Past decades have seen a number of breakthroughs in the identification of a deceptively
simple transcriptional response pathway (Weijers and Wagner, 2016), as well as cellular
and molecular mechanisms of directional auxin transport (Adamowski and Friml, 2015),
synthesis and inactivation (Korasick et al., 2013). At the same time, auxin action
has been reported in most, if not all, growth and developmental processes (Weijers
and Wagner, 2016), in interactions with other hormonal signalling pathways (Vert and
Chory, 2011), and even in the interaction with beneficial or pathogenic microorganisms
and viruses (Boivin et al., 2016). In fact, it is difficult to describe any plant
process without some direct or indirect reference to auxin. The set of papers in this
issue reflects this breadth of auxin research, and provides in-depth reviews in a
wide range of aspects of auxin biology. While some of these represent ‘classical’
aspects of auxin action, others discuss recent progress in areas where the involvement
of auxin has not yet been characterized in detail.
Auxin maxima and cell growth
Arsuffi and Braybrook (2018) review research on one of the earliest, classical physiological
responses to auxin: cell wall acidification leads to altered growth. This response
has been studied for decades, initially using various physiological assays, which
led to the formulation of a simple model. This model has seen many changes over the
decades, mostly through genetic analysis of the auxin response. The authors bring
together original ideas with recent exciting findings to propose a more complex scheme
of cell wall acidification, and also highlight a number of outstanding questions.
Wang and Jiao (2018) discuss the role of auxin transport in shoot meristem development.

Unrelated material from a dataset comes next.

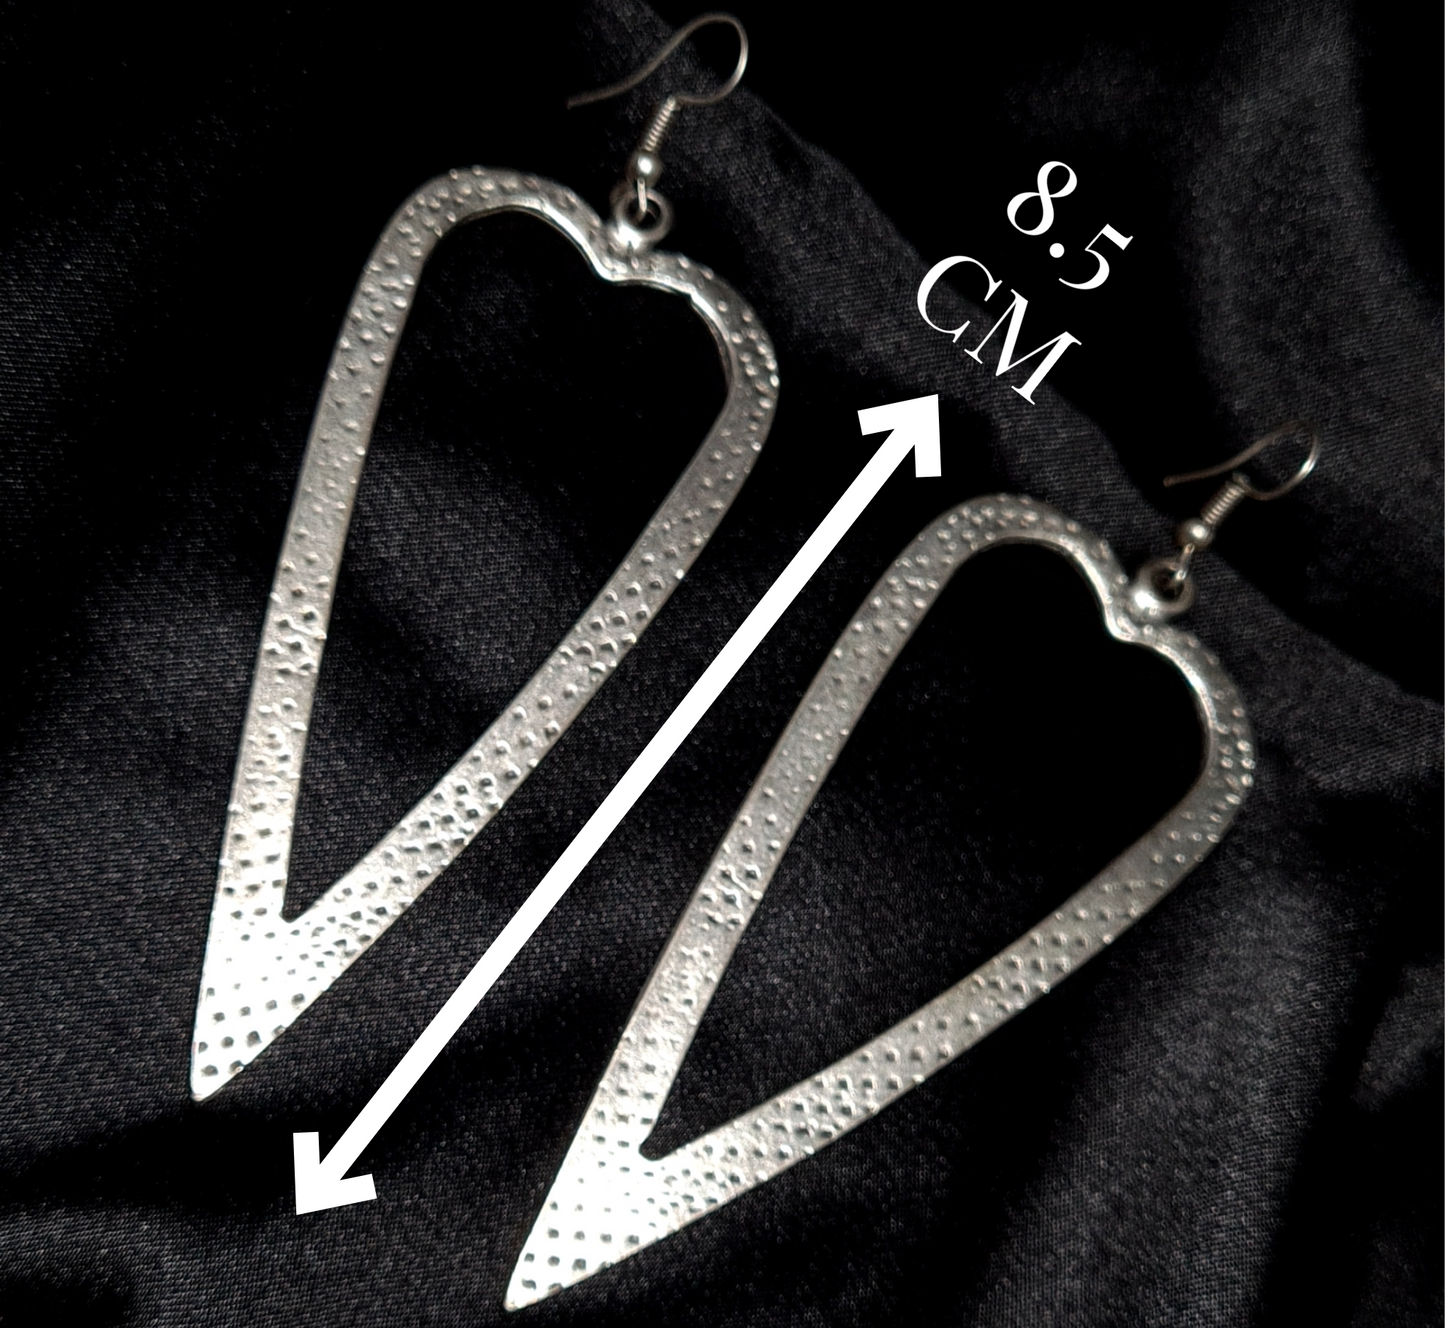 A pair of silver earrings in the shape of a heart on a black background. The earrings are small and delicate, and they have a shiny finish. The heart is smooth and has a rounded shape with measures

One of the first mutants identified in the auxin field was pin-formed1, which produces
naked, pin-like stems and no flowers. PIN1 was later shown to encode an auxin transport
protein, and mutations that reduced the biosynthesis of, or response to, auxin were
found to cause similar defects. Thus, auxin is a potent regulator of flower formation
at the shoot meristem. In recent years, genetic approaches, gene expression analysis
and live imaging have led to new models as to how the local accumulation of auxin
at the shoot meristem is controlled, and how these maxima trigger organ formation.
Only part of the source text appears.